We booked our flight, our hotel, and a car. All was well in the Universe. Or so we thought. The meet-up was to take place September 23 and 24 2006, somewhere in the middle of Dublin. We still had a few details to work out, such as, was it Doyle’s or Foley’s pub where we ought to meet. These were hard questions, made harder by the fact that we had no idea whatsoever where we were, and oh, the Ryder Cup was to be played at the K Club while we were there. Ryder Cup? Yes, that lovely golf tournament pitting the best of European golfers against America’s finest. Shit, no one told us that every hotel for 300 km was occupied. But I’m getting ahead of myself…..

Our departure date of 21 September was fast approaching. How does one pack for 10 days in Ireland? And how do we fit 2 metric tonnes of clothing into that small bag? My dearest was up to the task, and after a mere 3 weeks of washing, ironing, folding, and cramming, she once again outdid herself. 4 metric tonnes were to be the order of the day. How nice. But, I am the consummate mule, and I was up to the challenge. Feed me a little hay, rub my forehead, and I’ll haul your shit anywhere.
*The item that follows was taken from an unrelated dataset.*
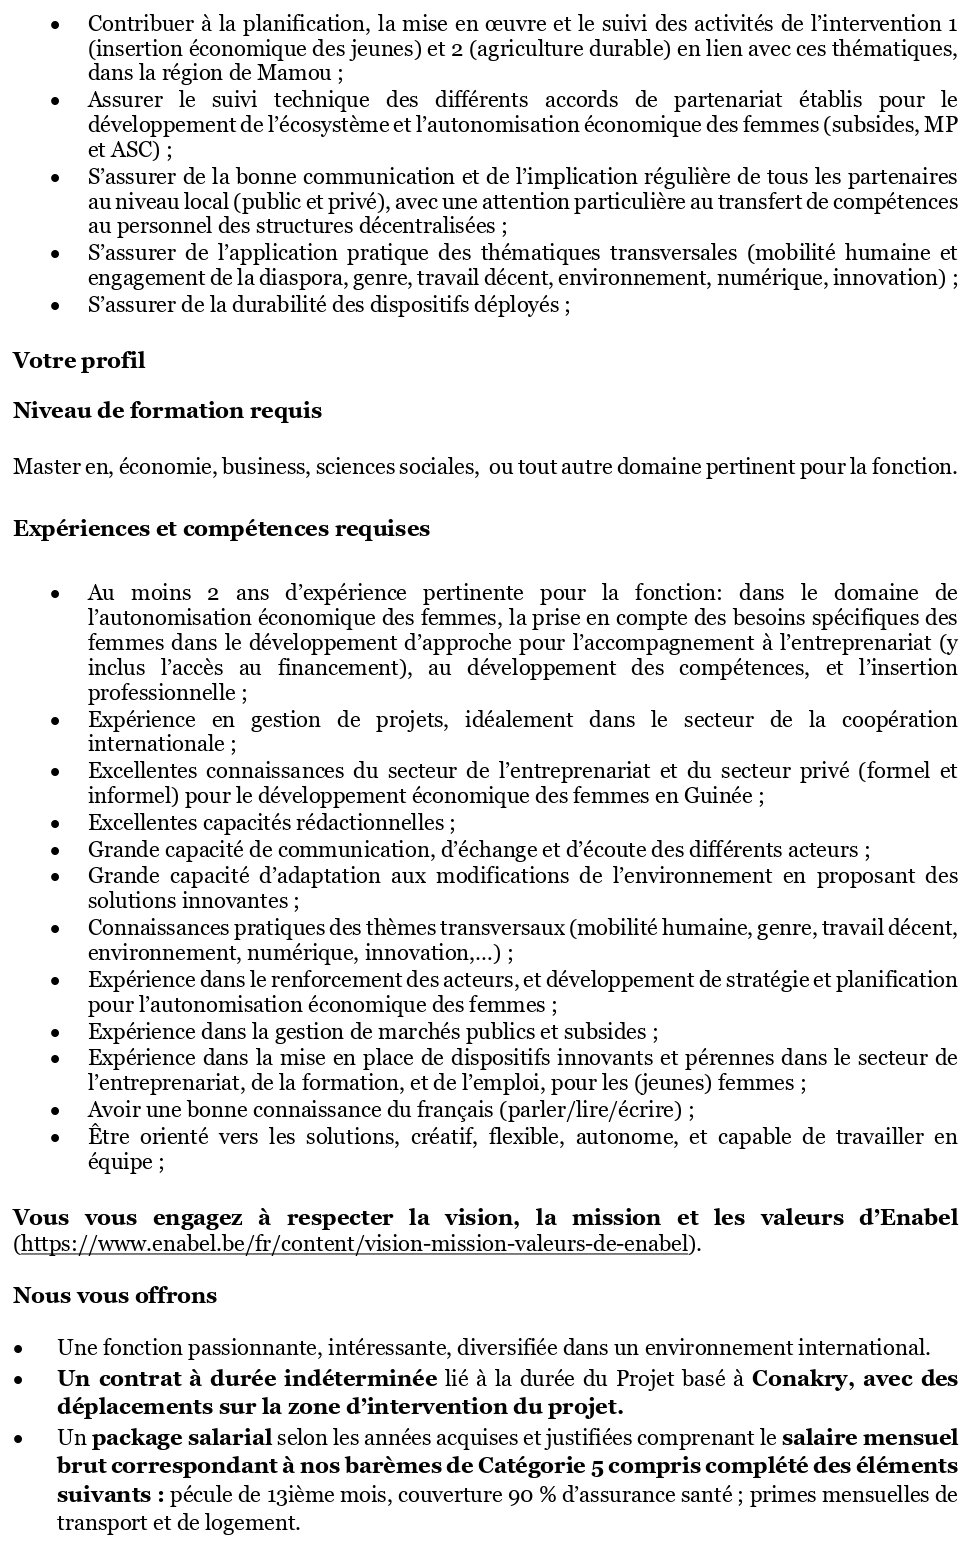 Avis de recrutement d'un Intervention Officer Autonomisation économique des femmes (h/f/x) – Guinée | Page 2

The day was nigh upon us. A fitful night of sleep, preceded by several pints of rum, and I awoke to a familiar refrain: “We’re going to Ireland, we’re going to Ireland….”. Shit, had I really done everything to prepare? Yes, work had been prepared, baggage had been packed, a ceremonial Guinness had been consumed. I was ready. The angelic voice in my head continued on….”we’re going to Ireland, we’re going to Ireland….”. Cooked meat products were in order, along with very strong coffee, but alas, we had done all the dishes the night before and were only willing to dirty 2 cups. Dammit, I could really go for a nice Panamanian breakfast, but this was not to be. A fighter pilots breakfast was all we would manage – ciggies and coffee. Close enough, we could eat on the plane.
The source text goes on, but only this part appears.